De commissie dan wenscht een uitbreiding van de beschikkingsbevoegdheid, waarmee de vertegenwoordigers van het centraal gezag in de provincie zijn bekleed. Men wenschte tevens dat een cultuurraad, samengesteld uit twee kamers, de eene Fransch en de andere Vlaamsch, den minister van Openbaar Onderwijs zou bijstaan.
‘Een zeker aantal Vlaamsche agenten, thans in functie, zijn Franschtalig. Deze toestand wordt geleidelijk verbeterd door de aflossing der geslachten. Het is te wenschen dat deze evolutie zoo snel mogelijk geschiede’. Er moet één enkel ambtenarencorps zijn, maar verdeeld in twee ‘taalrollen’. Het is noodig de centrale diensten te ontlasten. De commissie noemt dit ‘deconcentratie’, geen decentralisatie. ‘Reeds de Keure van de Blijde Inkomst van Brabant zegde: de edicten moeten opgesteld worden in de taal van hen, voor wie ze bestemd zijn’. De commissie maakt evenwel een voorbehoud aangaande de Brusselsche agglomeratie. ‘Ze heeft den tijd nog niet gehad de elementen van een hervorming bijeen te brengen’. Waarom dan dien tijd niet genomen?
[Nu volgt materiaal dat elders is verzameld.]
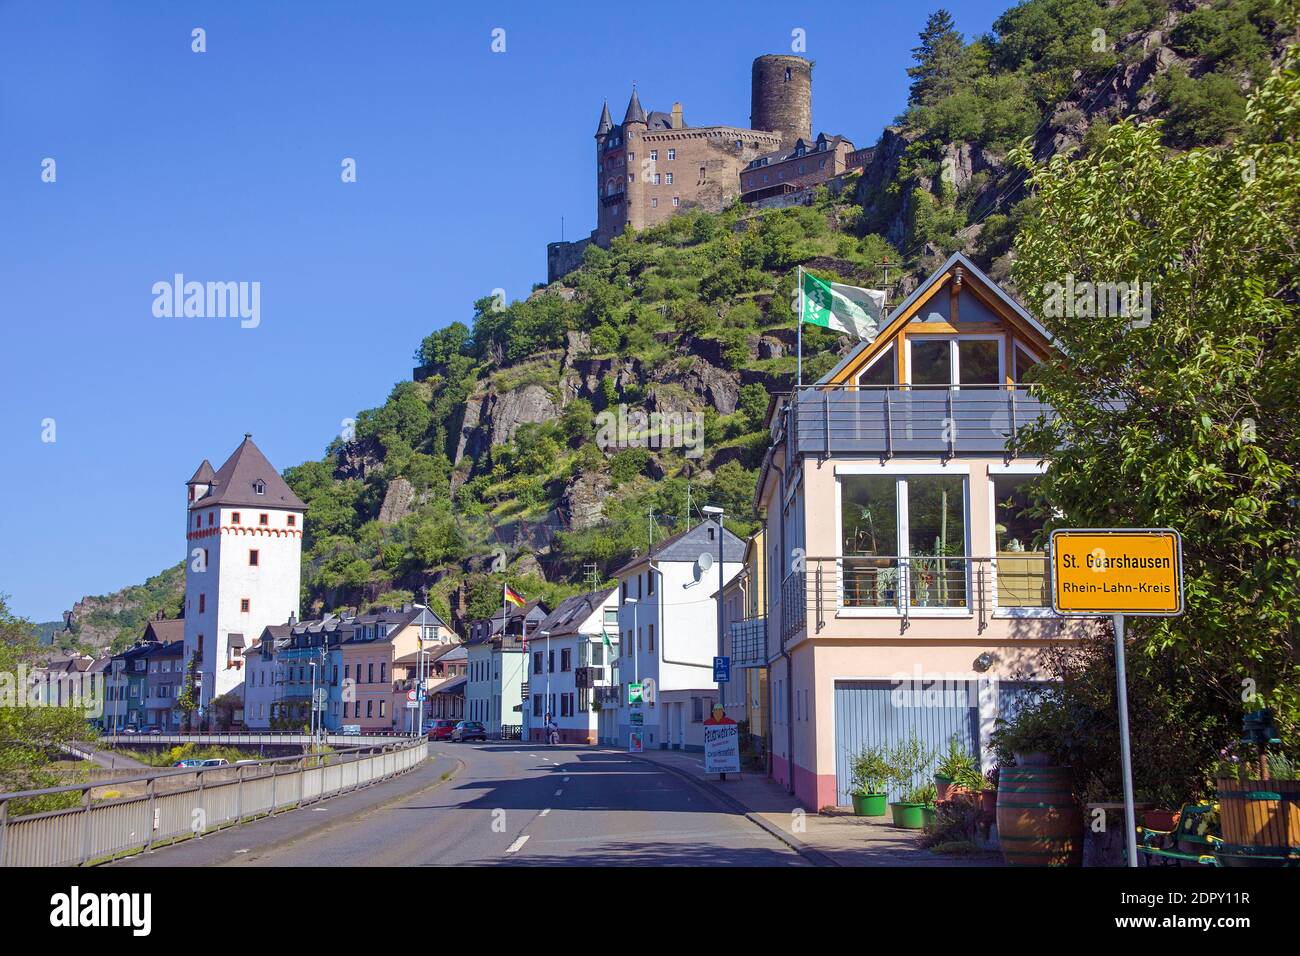 St. Goarshausen with foursquare tower and Katz castle (Burg Katz), Unesco world heritage site, Upper Middle Rhine Valley, Germany Stock Photo

In het ministerie van openbaar onderwijs moet naar het oordeel der commissie de splitsing ‘zeer ver worden doorgedreven’.
Dr. Lode Claes, advocaat, stelt een bijlage: ‘De Vlaamsche stroomingen tegenover de hervorming van den Staat’. 25 Maart 1931 was door de mandatarissen der Vlaamsch-nationale partij in Kamer en Senaat een ‘federaal statuut’ neergelegd, tegen welks inhoud Dr. Claes zich verzet. ‘Men vraagt zich af hoe de meerderheid zou kunnen gevonden worden die dit federaal statuut zou aanvaarden in de Belgische Kamer en den Senaat. Men vraagt zich eveneens af hoe de Brusselsche bevolking, die hier kortweg bij Vlaanderen wordt gerekend, zich hiertegen zou verhouden, al wordt haar stad ook tot de hoofdstad van Vlaanderen uitgeroepen.... De uitbreiding der Brusselsche agglomeratie met haar verfranschenden invloed in Vlaanderen is een van de feiten, die de Vlaamsche middens het sterkst er toe aanzet een federatieve omvorming van den Belgischen Staat na te streven.’ Deze commissie evenwel wijst haar, niet eenstemmig maar in grootst mogelijke meerderheid, af.
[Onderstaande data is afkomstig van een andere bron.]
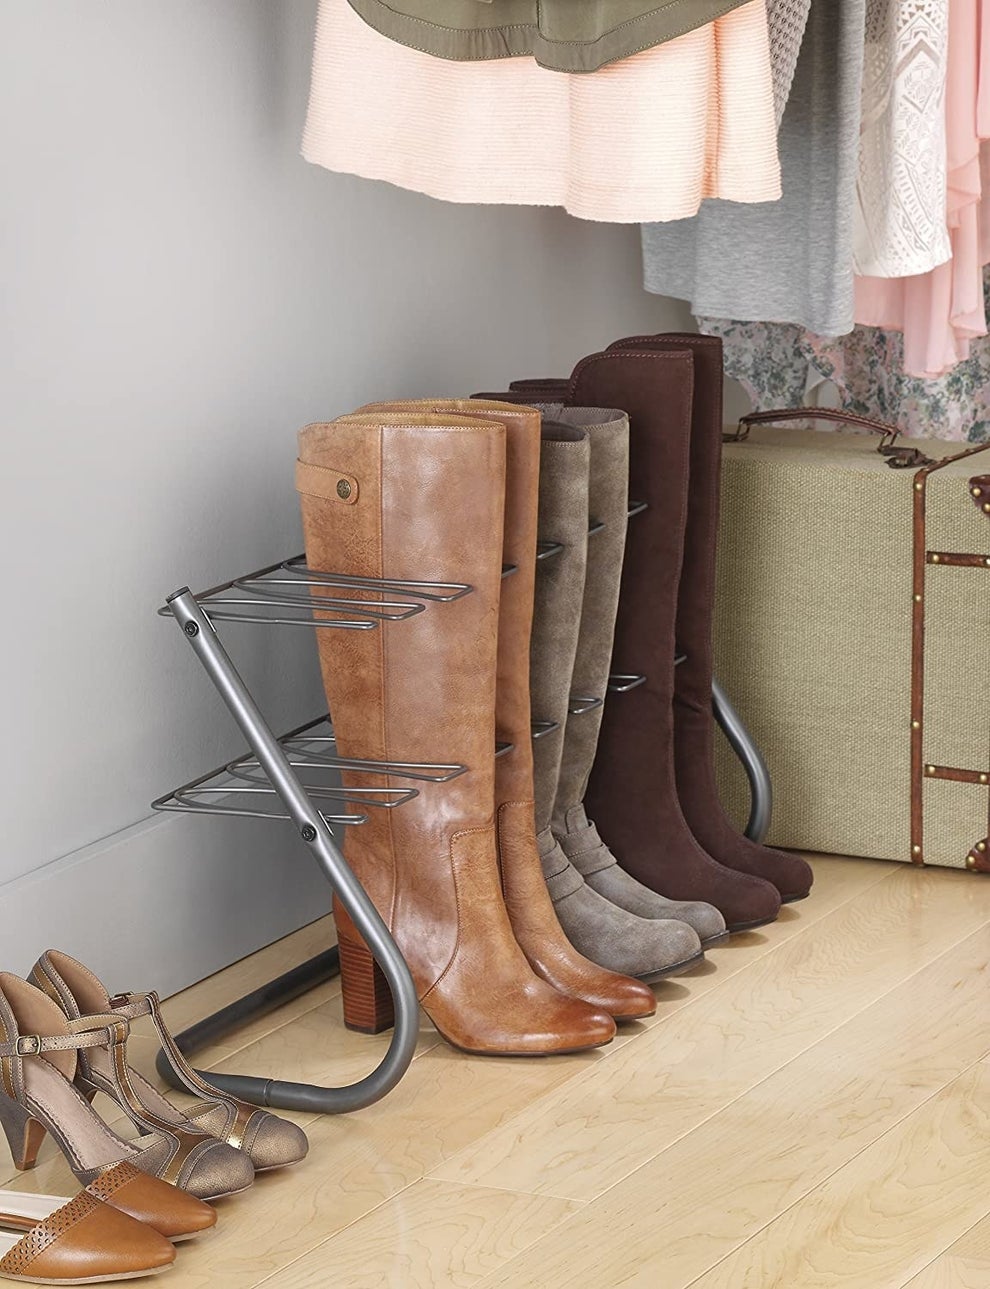 Easy Storage for Winter Boots, Keeps Them Upright-No Slouching or Falling  Over

‘De vorming van het Vlaamsche volk tot een bewuste en politiek ageerende eenheid, ook tot een eenheid met het Dietsche volk uit Nederland, is volop aan gang. Zal deze nationale kracht de eenheid van den bestaanden Staat verbreken? Zelfs deze vraag is moeilijk te beantwoorden. Een zekere politieke zelfstandigheid is echter voor de vorming van het Vlaamsche volk tot een eenheid een onontkoombare noodzakelijkheid. Dit beteekent echter geenszins een verbreken van de internationale eenheid van België. Het is zelfs waarschijnlijk dat de
| |
| |
verdere groeikracht van Vlaanderen en de eenwording met Nederland het behoud van België zullen vergen, en wij zien het bewustzijn bij het rijpen van het politiek denken in Vlaanderen gedurende de laatste jaren reeds veld winnen.’
Dr. Claes kan niet bedoelen dat Nederland en België voortaan een politieke eenheid zullen gaan vormen. Hij moet het in den zin eener beschavingseenheid hebben verstaan.